With an ageing population who live well into their 80s, and even 90s, there are a good many decades left for those of active body and sound mind past the legal age of retirement.
'In the old days, people lived up to their 60s, but nowadays I can live up to the age of 90,' Mr Chung said. 'I'm 63 now. I've retired, but what do I do? That's the question I had to ask myself, which I'm sure many others have done or will do at the age of retirement.'
Meanwhile, an increasing number of people are also looking to retire early, which means that their third age lasts longer.

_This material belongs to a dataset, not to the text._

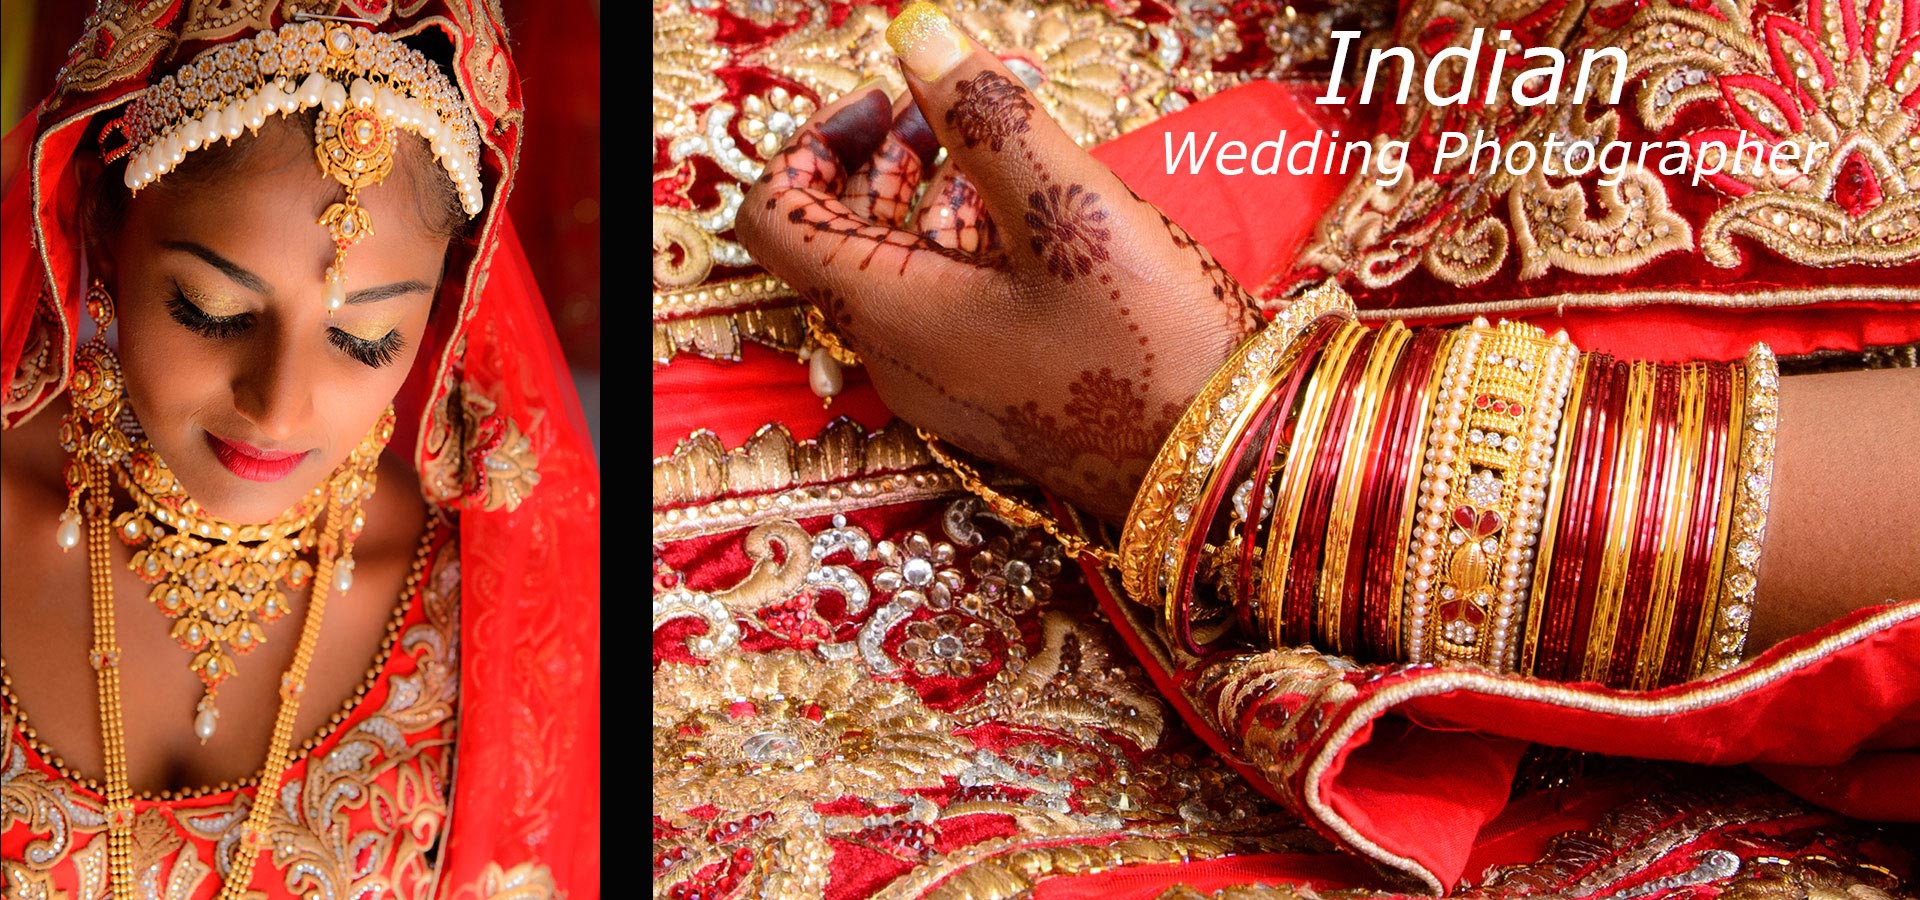 Creative Indian Wedding Photography Ideas - HD Wallpaper

A recent HSBC survey of 1,002 people in Hong Kong found that a greater proportion of younger respondents were seeking to retire early. It showed that only 26 per cent of women aged between 40 and 49 wanted to retire early, compared to 43 per cent in the 60- to 79-year-old bracket.
Meanwhile, 27 per cent of the men surveyed in the younger age bracket said they would choose early retirement, while 32 per cent in the older group said so.

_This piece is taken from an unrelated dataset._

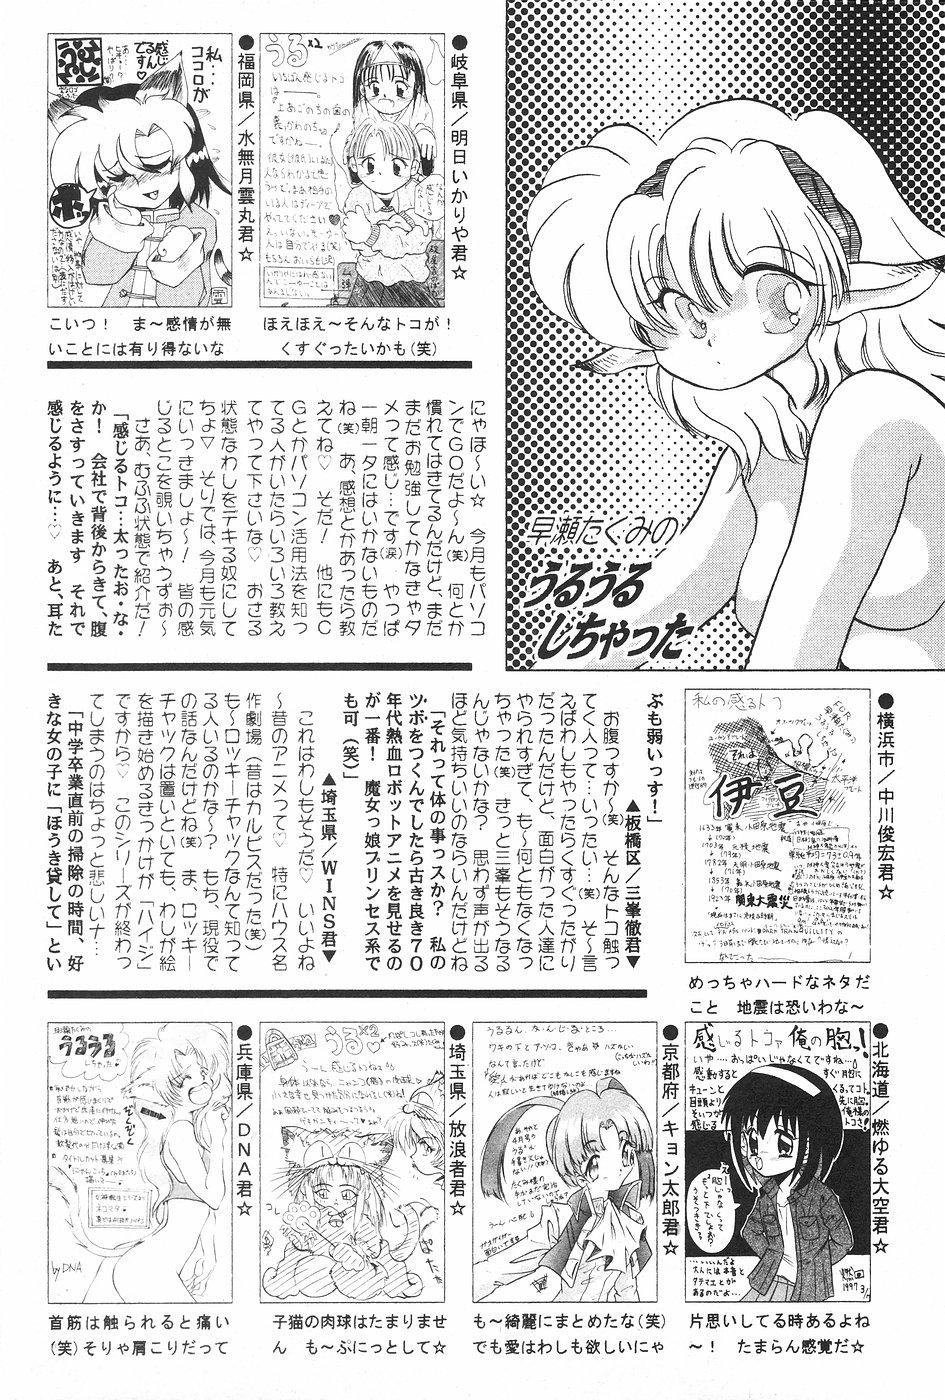 Manga Hotmilk 1997-05 115

Having reached this age, Mr Chung added that different people must prepare for the third age in their own ways.
'You have to work it out with your spouse on where you want to live too, it is most important that you come to an agreement. Women go through this phase at an earlier age - especially mothers who find themselves free when their children leave home, go off to university, get married and so on. But they deal with it well,' he said.
'I encouraged my wife to paint, she sings, she does yoga, she arranges flowers, she has a small what-not shop in Prince's Building, so she's fully occupied. I just have to find money to pay for all the tuition,' he chuckled.
Mr Chung, who over the course of his career has been awarded distinguished honours such as Hong Kong's Silver Bauhinia Star, an Order of the British Empire and being appointed a justice of peace, seems busier than ever.
He recalled how he first reflected upon his own stage in life after reading the book Repacking Your Bags: Lighten Your Load for the Rest of Your Life by Richard Leider, the founder of a coaching and consulting company in the US, and David Shapiro, education director of a non-profit organisation in the US.
'I asked myself, what do I need to shed? Here I was sitting at the head of a huge company. I realised that all the things I wanted to do I had already done in the first 15 years of my working adult life. The last 10 years were not fun for me. Then I started looking for a successor. In the process, I also found out the things I liked to do, so I started taking lessons in painting and calligraphy.'
Since then, he has studied a master's degree in fine art in Australia, and campaigned for longer and better-rounded university terms for students in Hong Kong.
He said he was still playing a vital role in his company and was an active member of society, teaching at the University of Hong Kong and having created the Centre for Asian Entrepreneurship & Business Values.
'Ah, but the difference is, I choose to keep myself busy,' he said. 'At this stage in life, I only do what I want to do. I wanted to learn more about art, so I did. I wanted to learn some music, I did, I wanted to share my years of knowledge and experience and I get an opportunity to do that through teaching and seminars. I like to pen my thoughts so I keep a journal. I've a column in a local paper every Monday, about the choices one has and what one should do in the third act of life and it's all been great fun for me,' he said, showing that he has a busier diary than most heads of companies.
'The things I didn't enjoy, learning the piano for example, I dropped. At his stage, at this age, its about choices.'
With no worries of mastering an instrument with a goal of performing to sold-out venues, or with the perennial pressure of a deadline greying one's hair, the liberty to do only what one enjoys seems idyllic.